■ **WORK TO COMPLETE**:
Images are to be left out; everything else in the listing should be repeated exactly.
[[ RECORDED INFORMATION open ]]
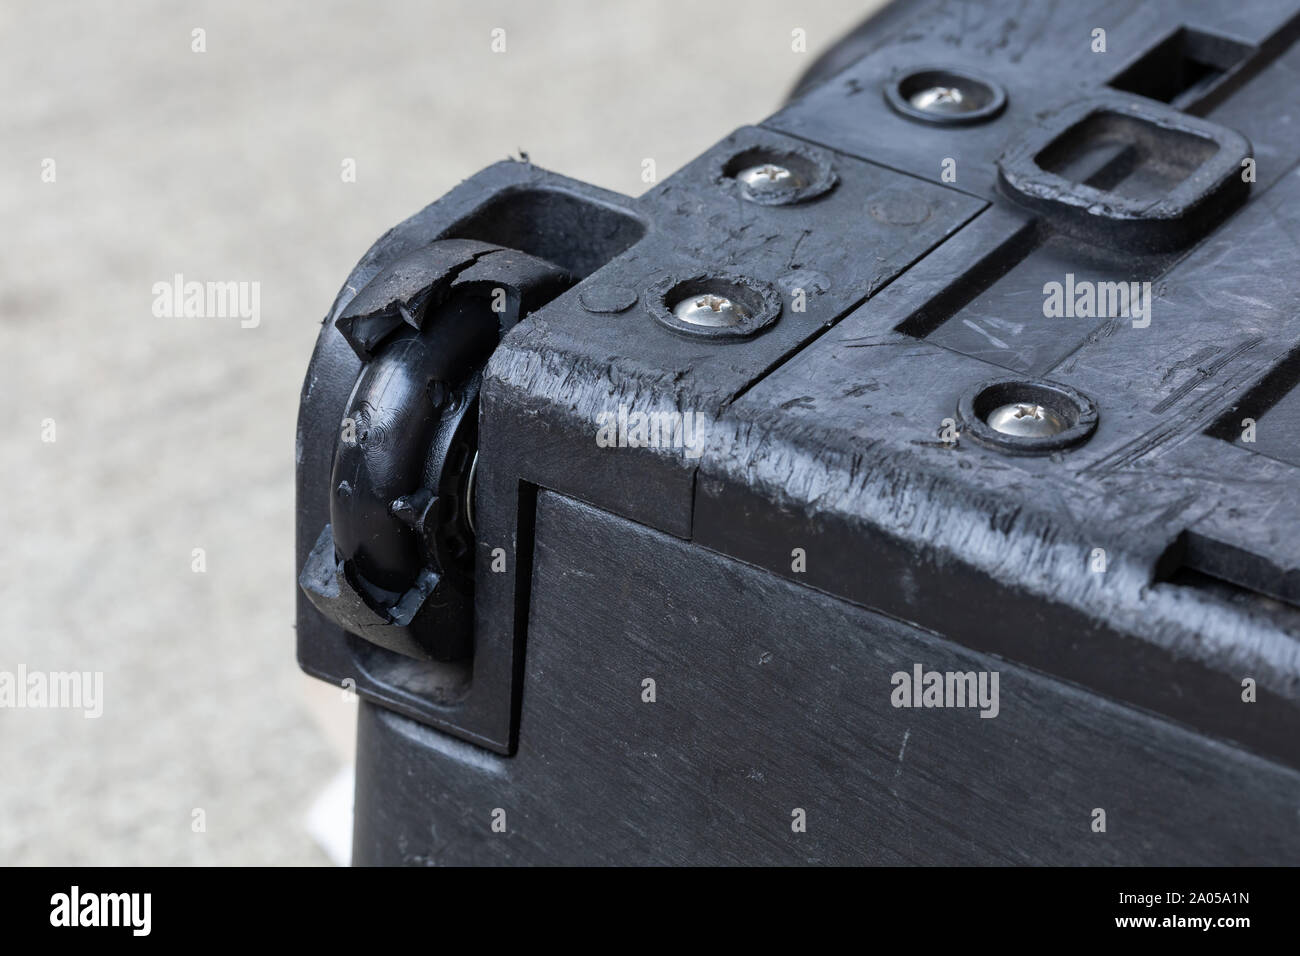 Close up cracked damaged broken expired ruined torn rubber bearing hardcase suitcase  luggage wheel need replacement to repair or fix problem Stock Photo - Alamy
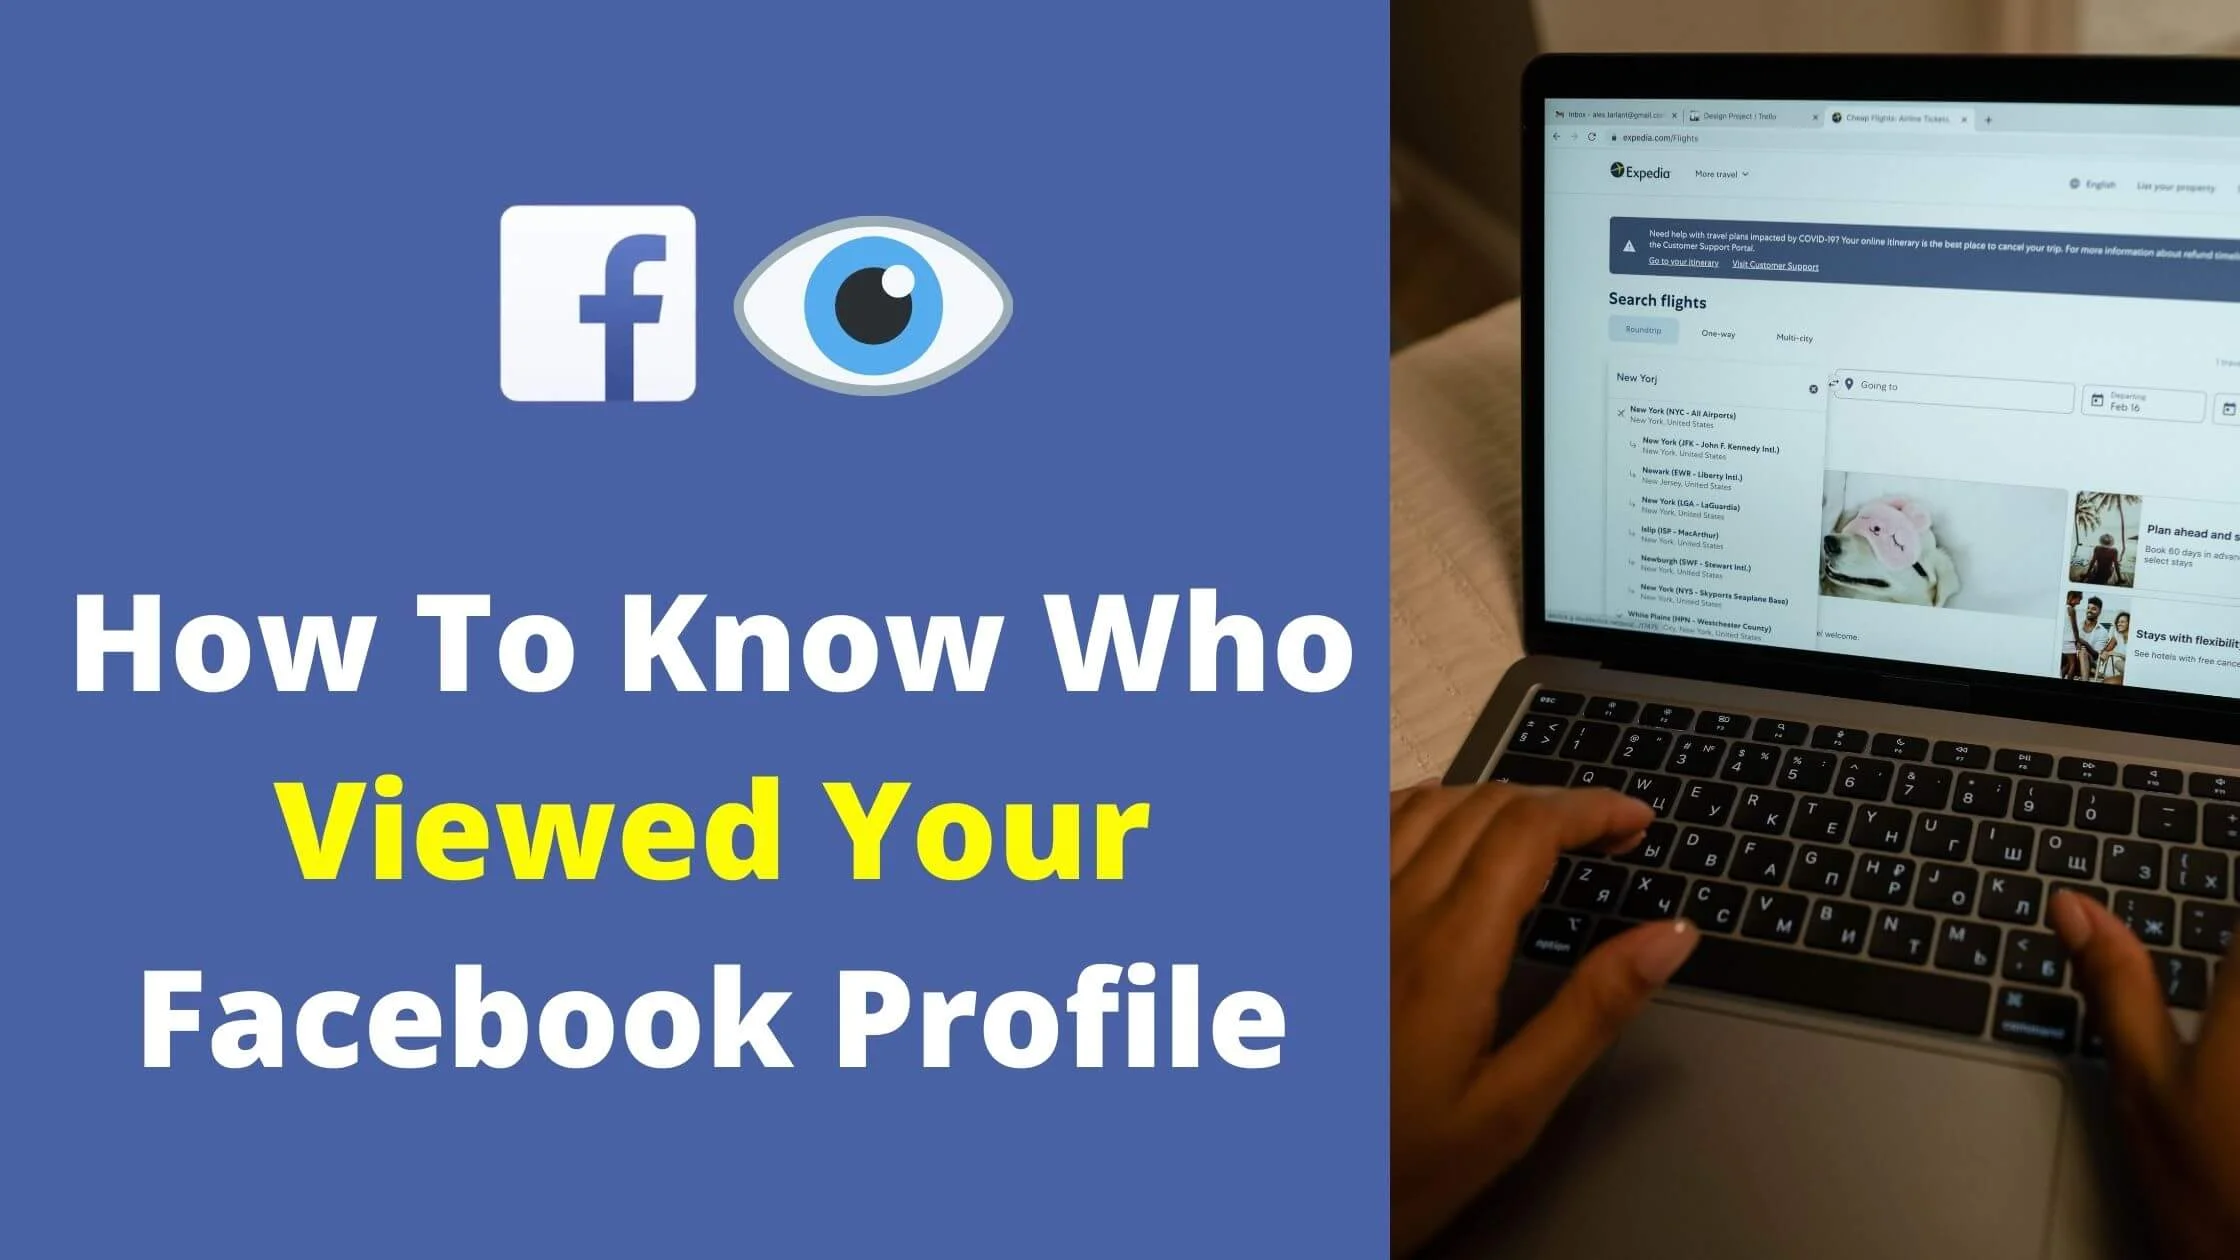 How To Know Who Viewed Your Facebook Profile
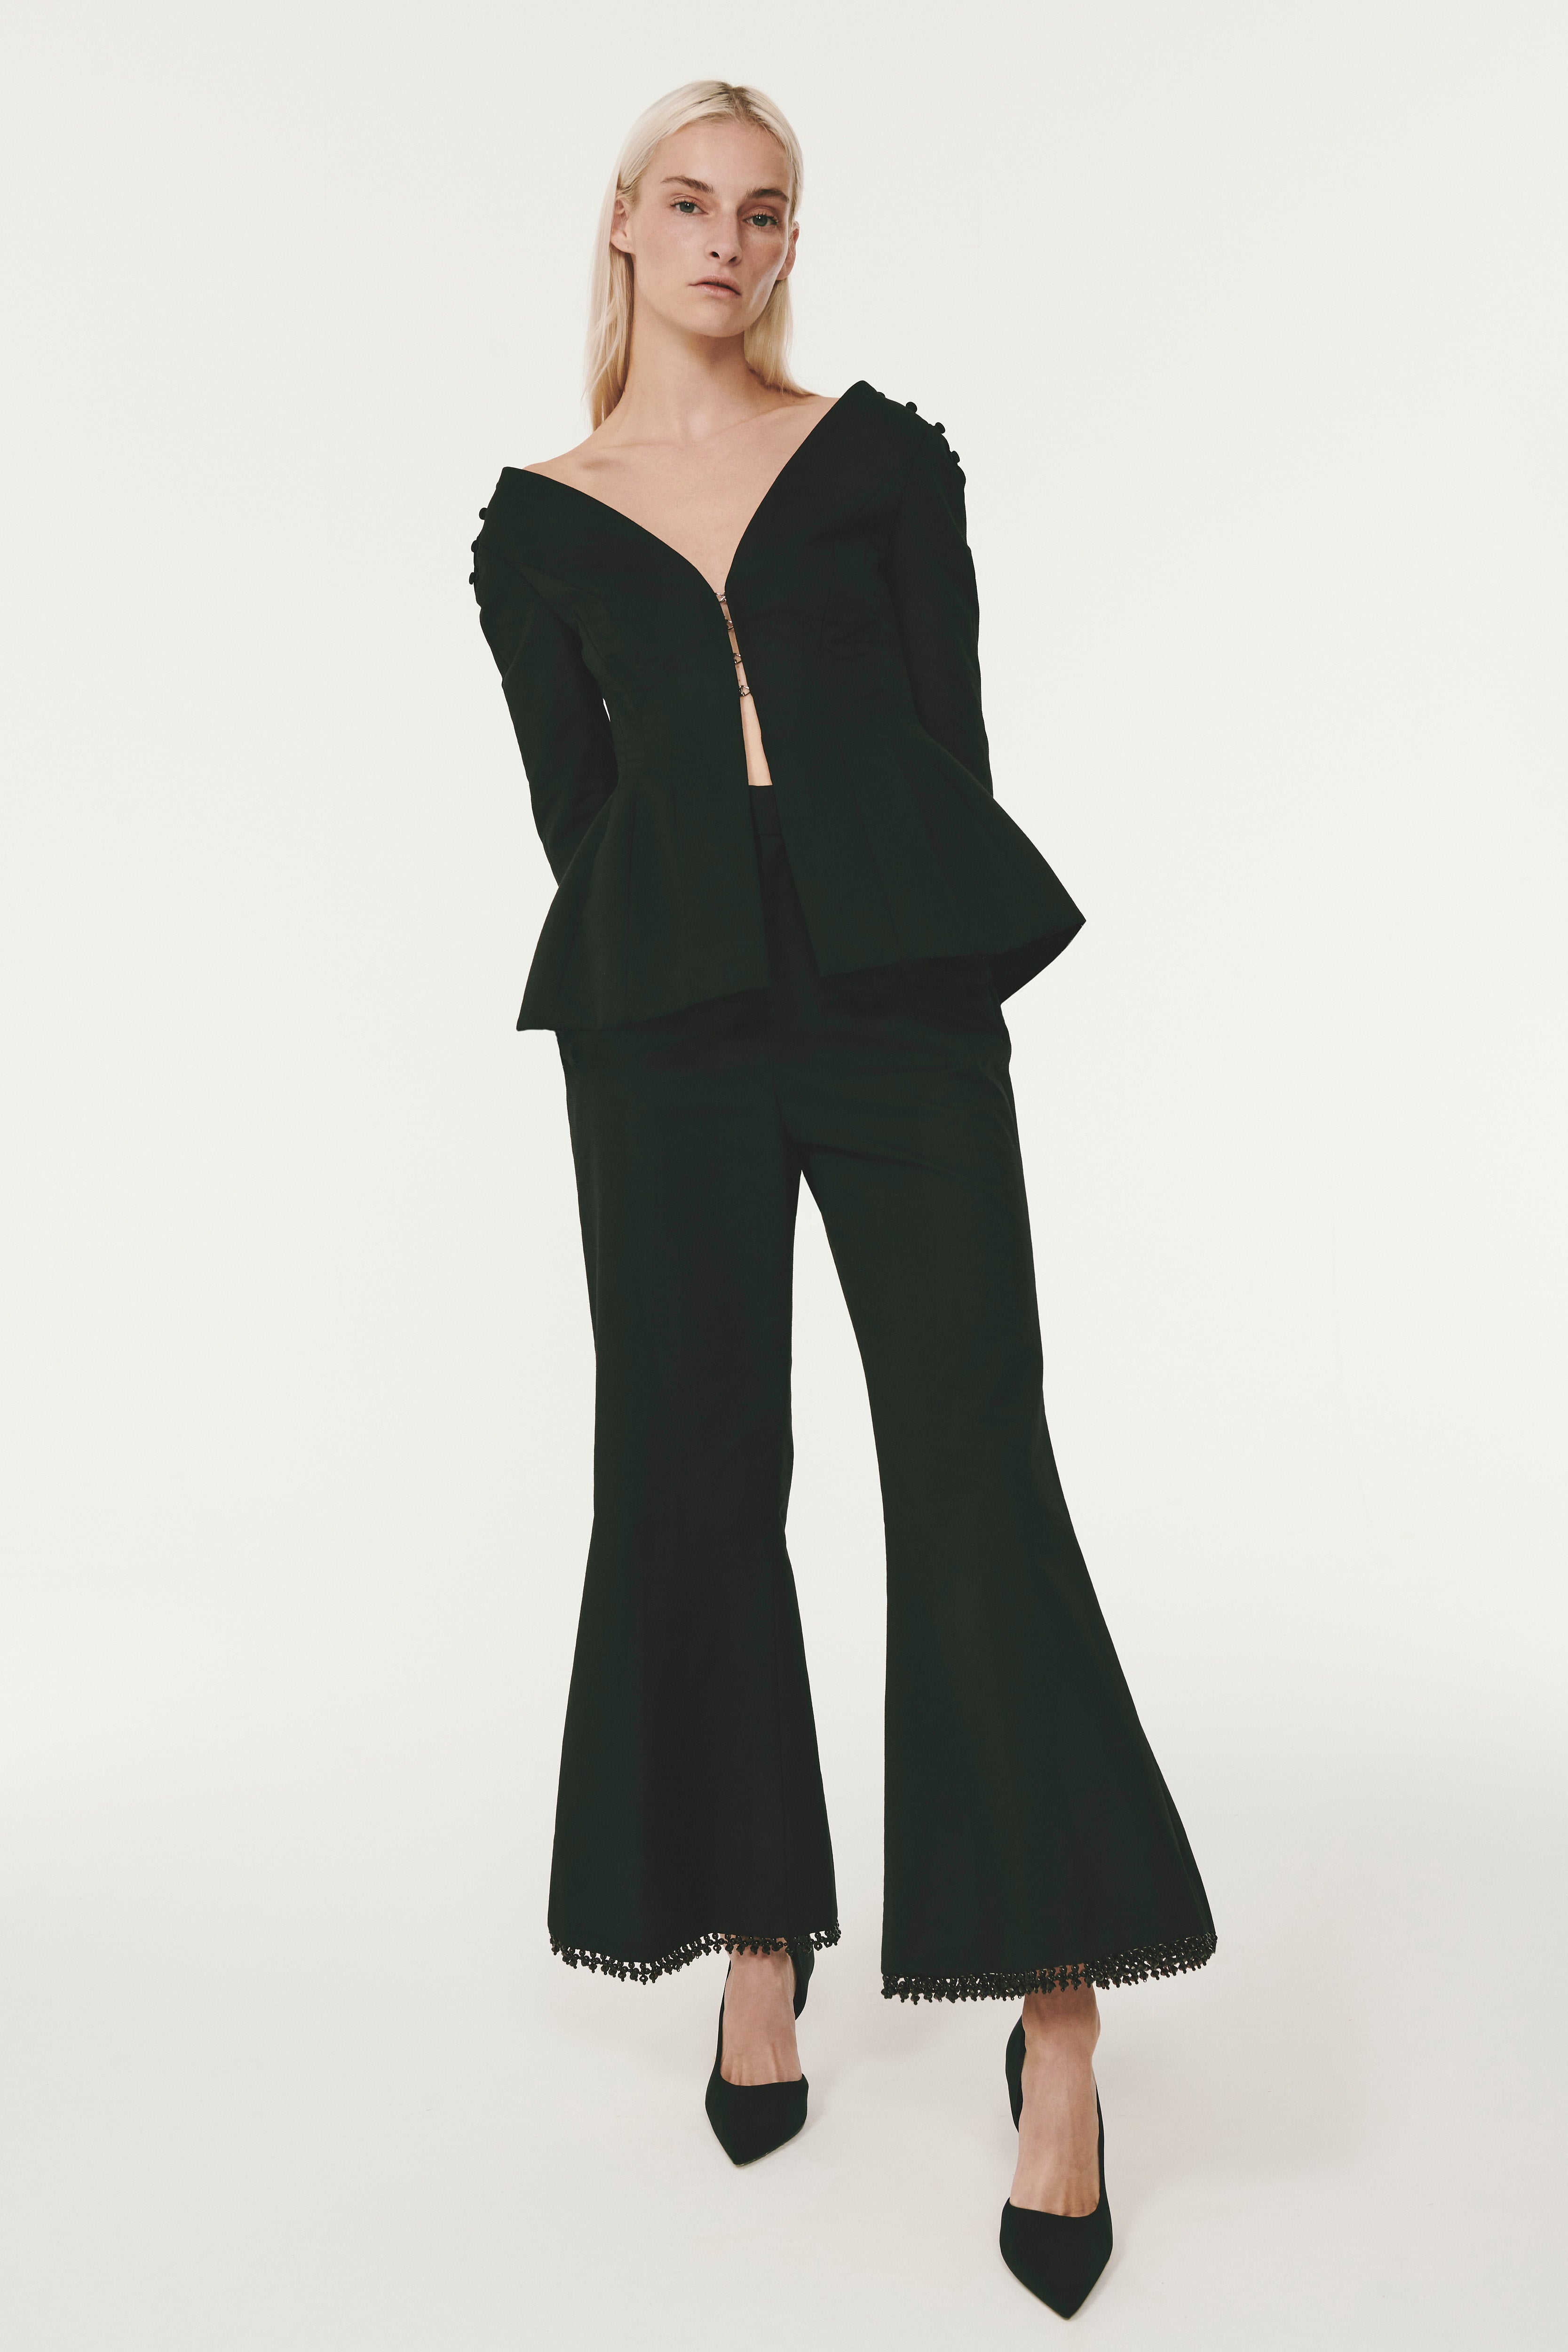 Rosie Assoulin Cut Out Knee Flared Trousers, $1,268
[[ RECORDED INFORMATION closed ]]
■ **ANSWER TO THE EXERCISE**:
 Close up cracked damaged broken expired ruined torn rubber bearing hardcase suitcase  luggage wheel need replacement to repair or fix problem Stock Photo - Alamy
 How To Know Who Viewed Your Facebook Profile
 Rosie Assoulin Cut Out Knee Flared Trousers, $1,268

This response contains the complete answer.